Each subject was presented with 8 utterances, and was asked to write down what she heard. They heard 2 utterances (one "time" and one "words") from each of the 4 voice types. The order of the voice types was changed for each subject (24 orders in all).
The system ran on a Linux machine using an inexpensive LineJack telephony card. A custom-written program was used to run the experiment.
The natural utterances were spoken by a graduate student who has experience in delivering prompts for telephone systems, and therefore can consistently deliver different utterances in the same style. The synthetic utterances were produced by the Festival Speech Synthesis System [1], using the us1_mbrola voice, considered by many to be a good high-quality diphone voice. Although we are aware of other synthetic voices which may have better understandability and/or naturalness, at this stage we were not concerned with measuring the quality of different synthesized voices, so we selected a typical example of easily achievable synthesis quality which is also publicly available.
The experiment was set up so that when a call was initiated, a two-key index was requested to select in which order the voices would be presented. The experimenter normally did this for the subject so as to avoid lengthy explanations of the experimental setup. Once the order was selected a single key press allowed the user to hear the first and following utterances. In this test we did not allow the user to hear the utterance more than once.
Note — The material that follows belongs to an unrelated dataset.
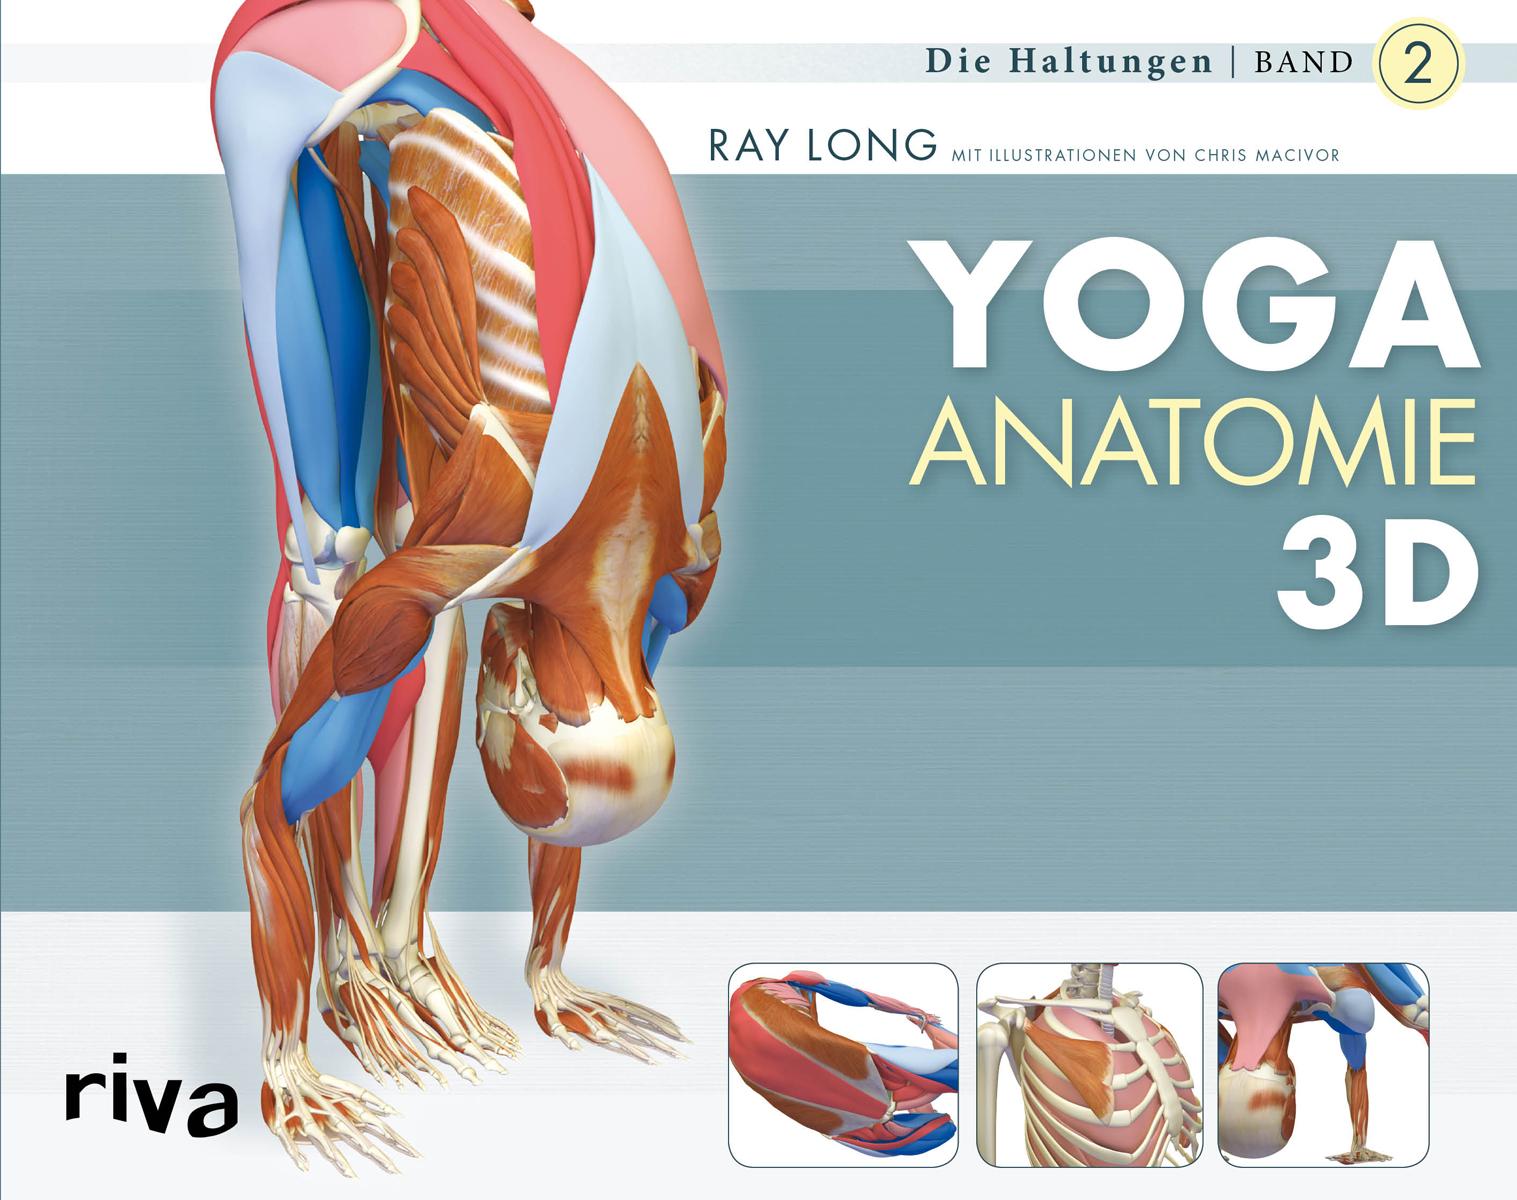 Yoga-Anatomie 3D - Band 2: Die Haltungen

The possibility of being distracted from hearing an item by such sources as asking questions, abrupt noises, and other background noises was thus kept to a minimum. Users had no problem learning this method; we only eliminated one of 536 responses due to distraction. Even when the user had a telephone where the keypad was in the handset, the system response time after the user pushed a key was long enough that the subjects did not miss any part of the utterances.
The subjects were given a sheet on which they were to fill out their initials, age, whether they had hearing problems, and they signed a release statement. On the bottom half of the sheet were the 8 response lines, preceded by the instructions. The subjects were asked to read the instructions and the instructions were also read out loud to them by the experimenter (eight utterances, asking them to write something down each time, press a key other than pound sign to go on). The font on the sheet was at least 16 points in every part.